**Required work**
Your copy of the data below must be exact and must leave out all pictures.

**Collected data**
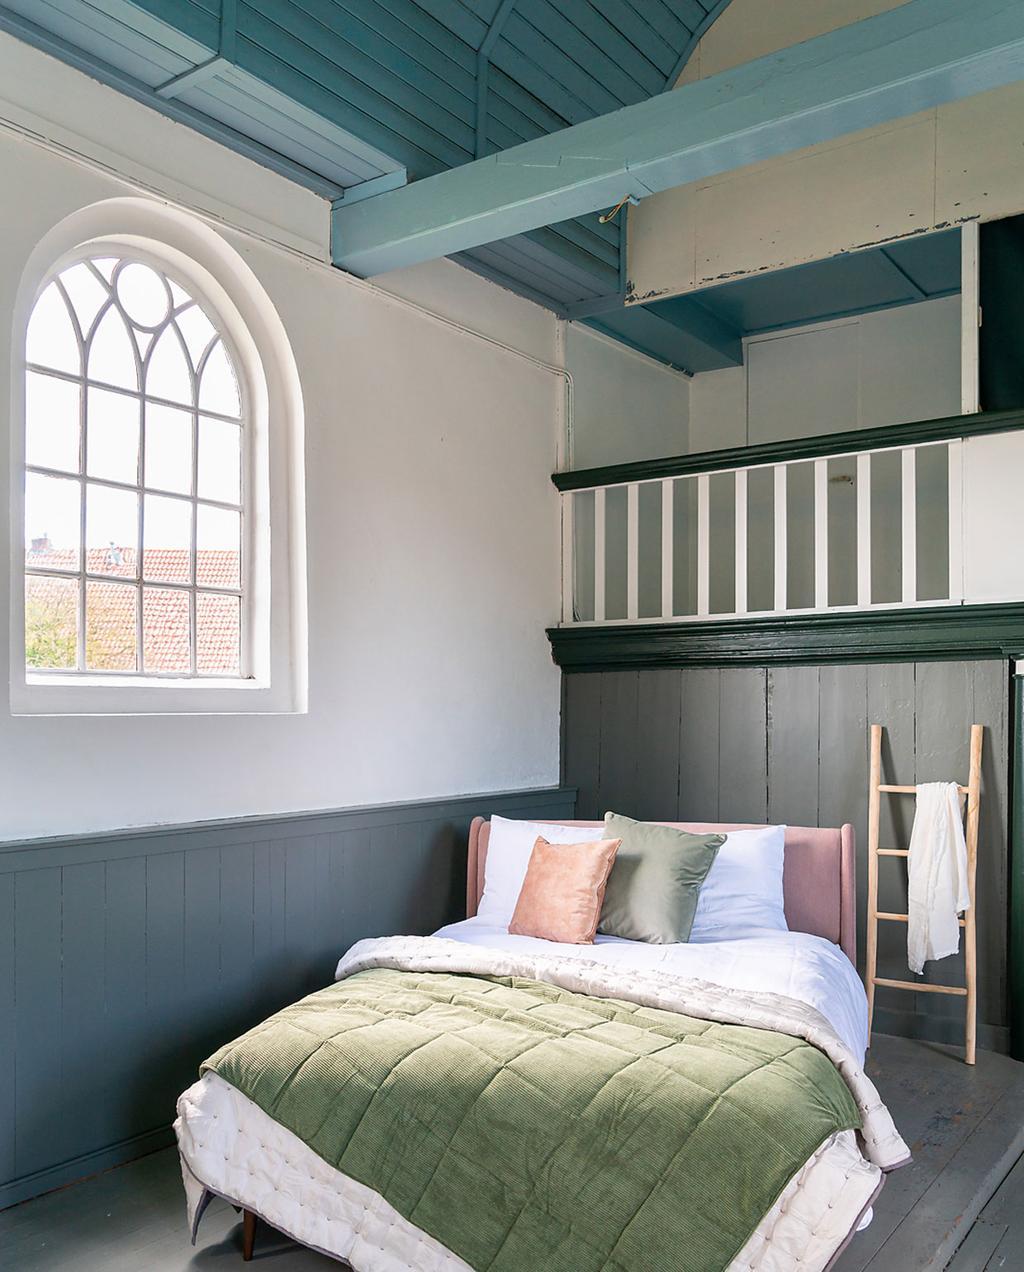 heilige nachten en made.com | overnachten in een opgeknapte kerk | roze bed met groene sprei bij groot raam
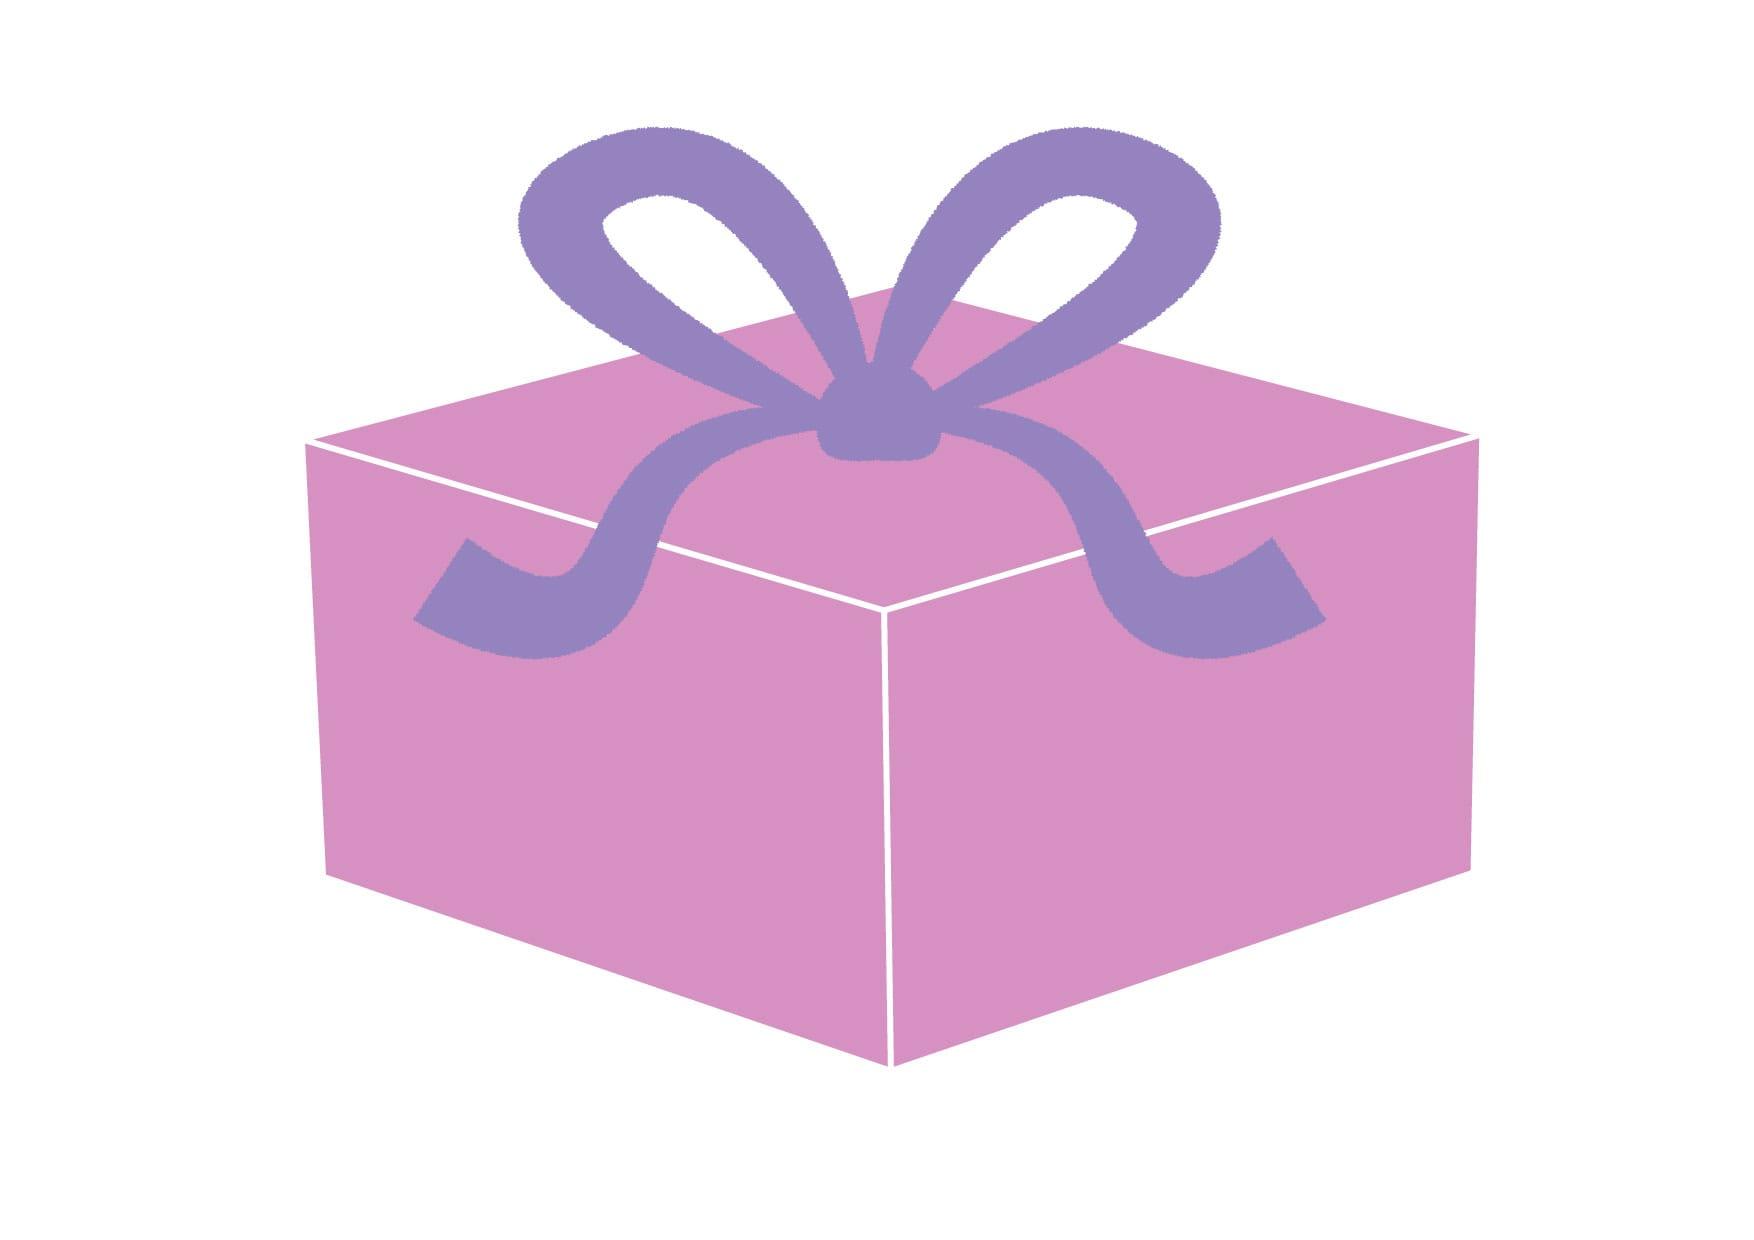 可愛いイラスト無料|プレゼント 紫色 − free illustration  Present purple
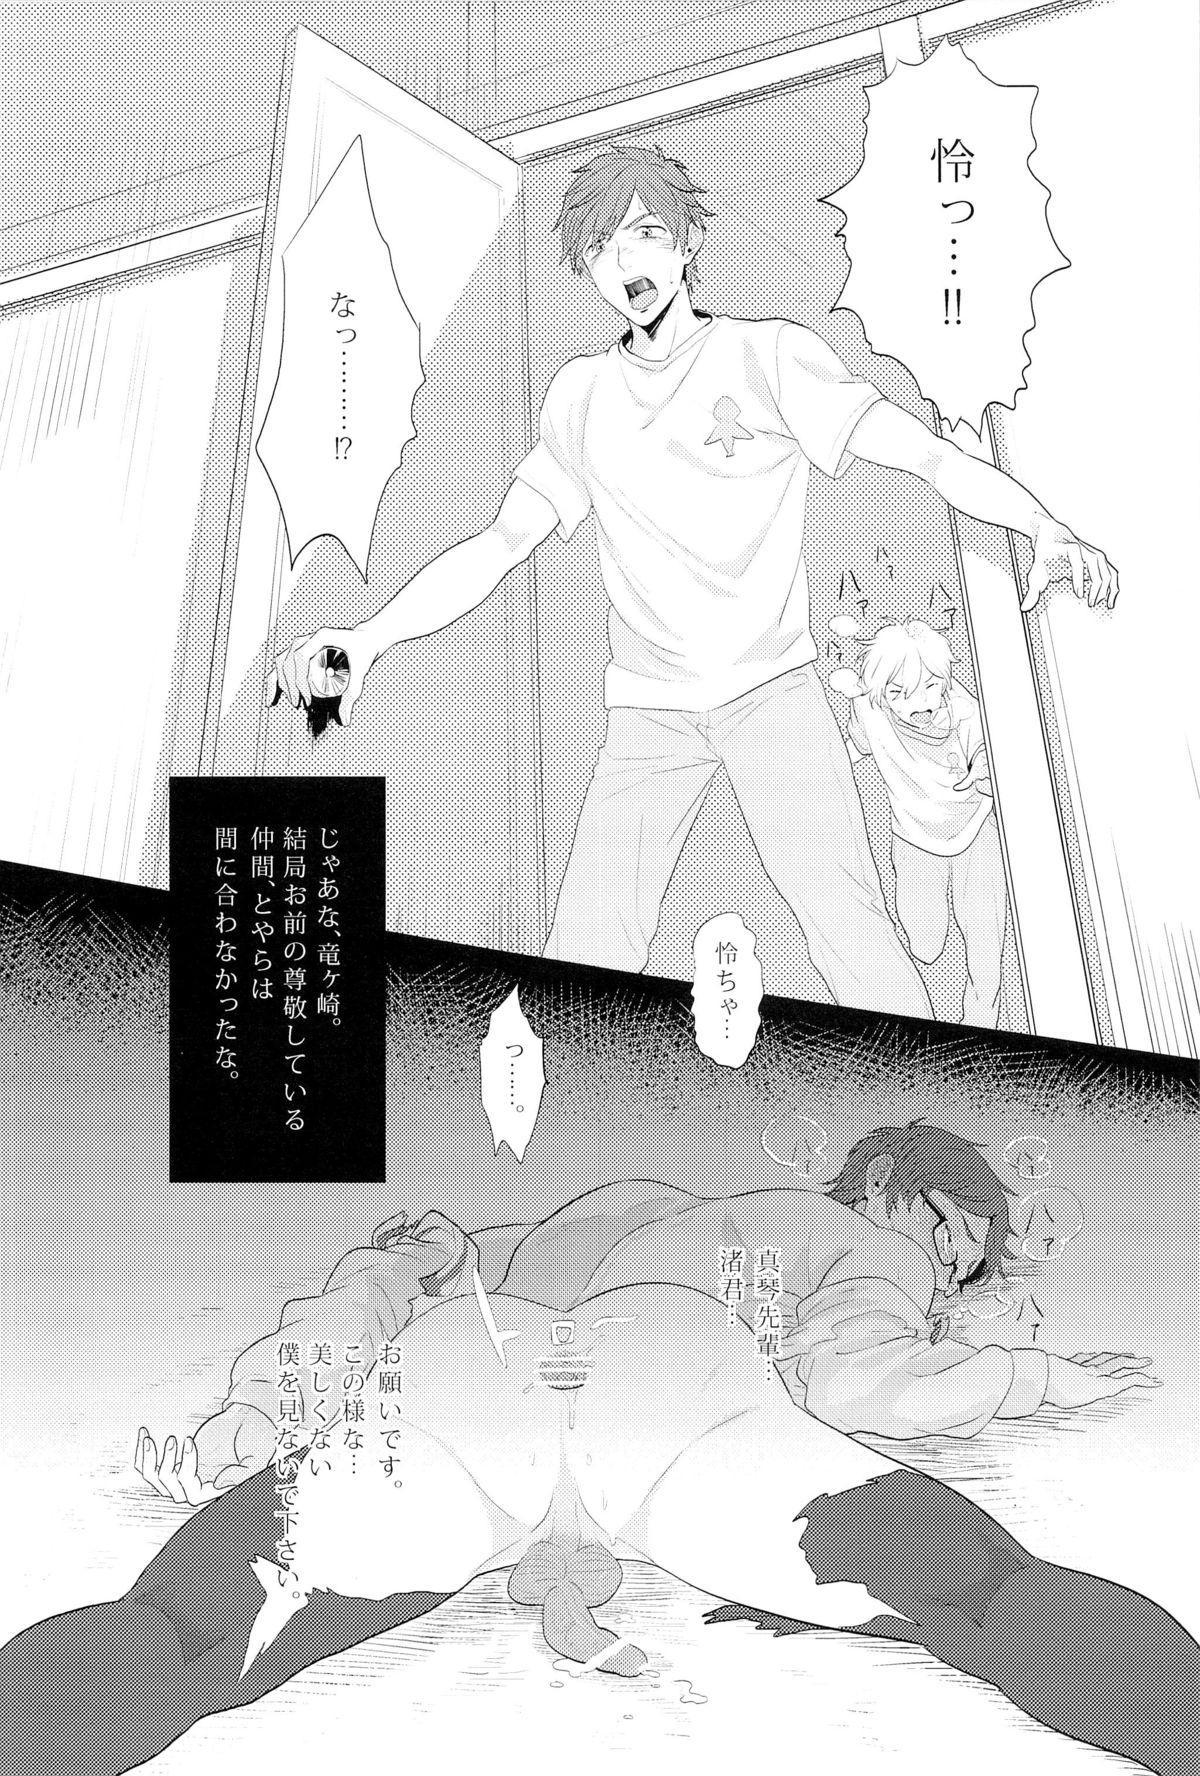 Boku no Riron de Uketetachimasu 15
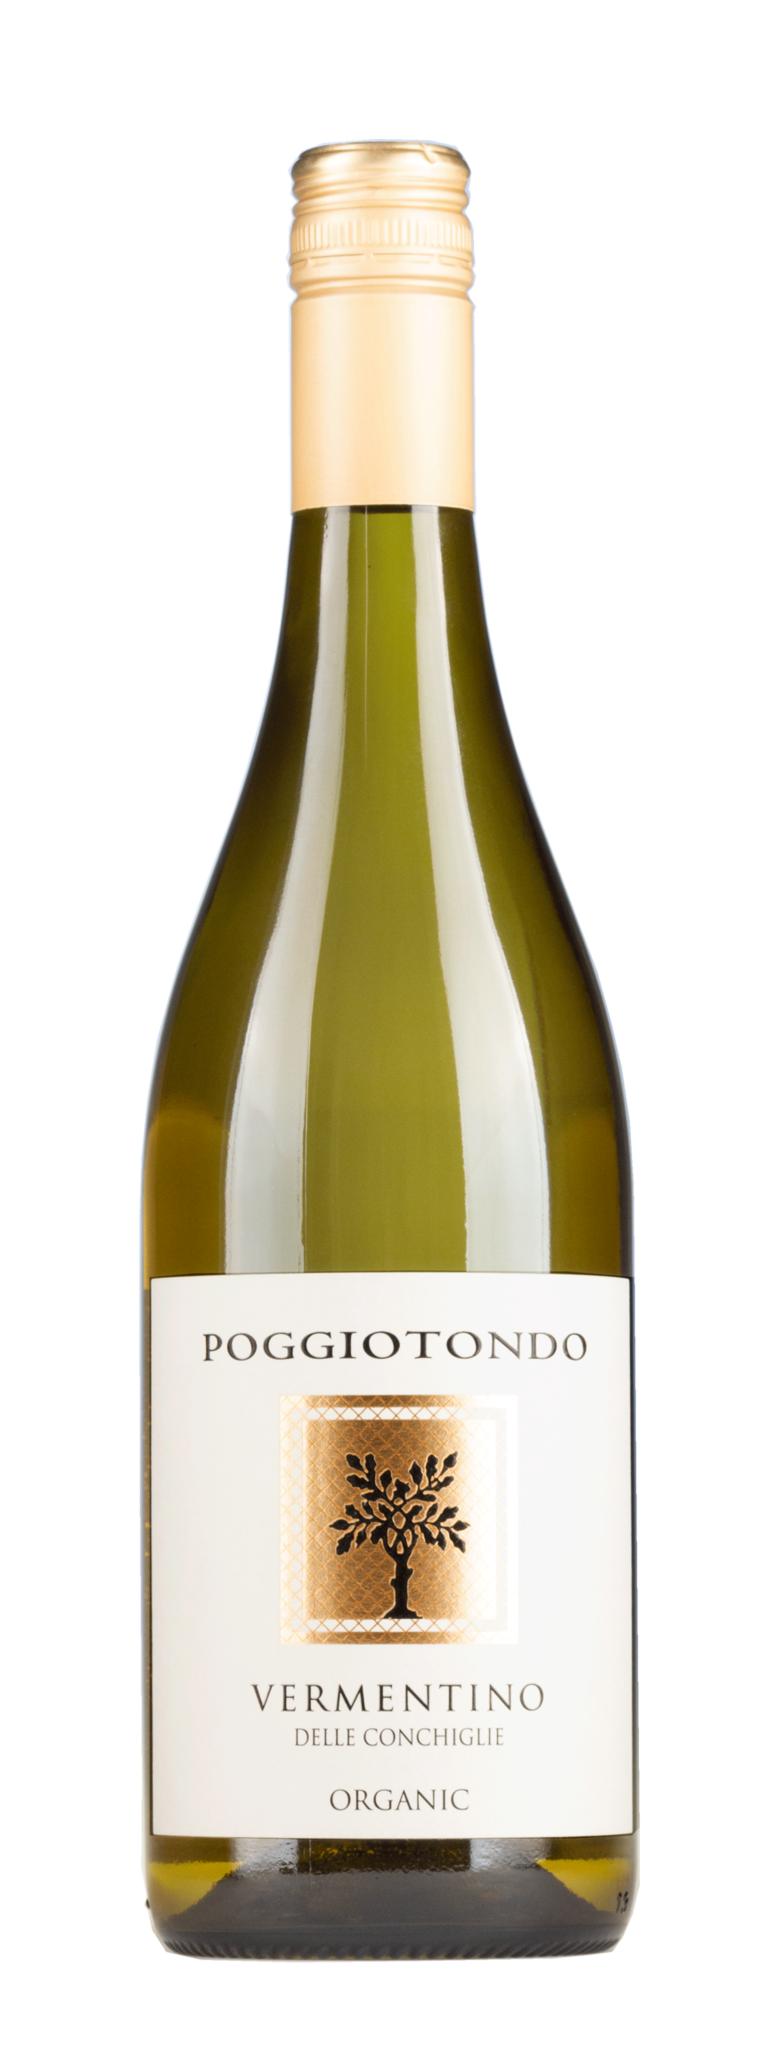 Poggiotondo, Toskana 2020 Vermentino,  Toscana Bianco IGT, Poggiotondo

**Exercise response**
 heilige nachten en made.com | overnachten in een opgeknapte kerk | roze bed met groene sprei bij groot raam
 可愛いイラスト無料|プレゼント 紫色 − free illustration  Present purple
 Boku no Riron de Uketetachimasu 15
 Poggiotondo, Toskana 2020 Vermentino,  Toscana Bianco IGT, Poggiotondo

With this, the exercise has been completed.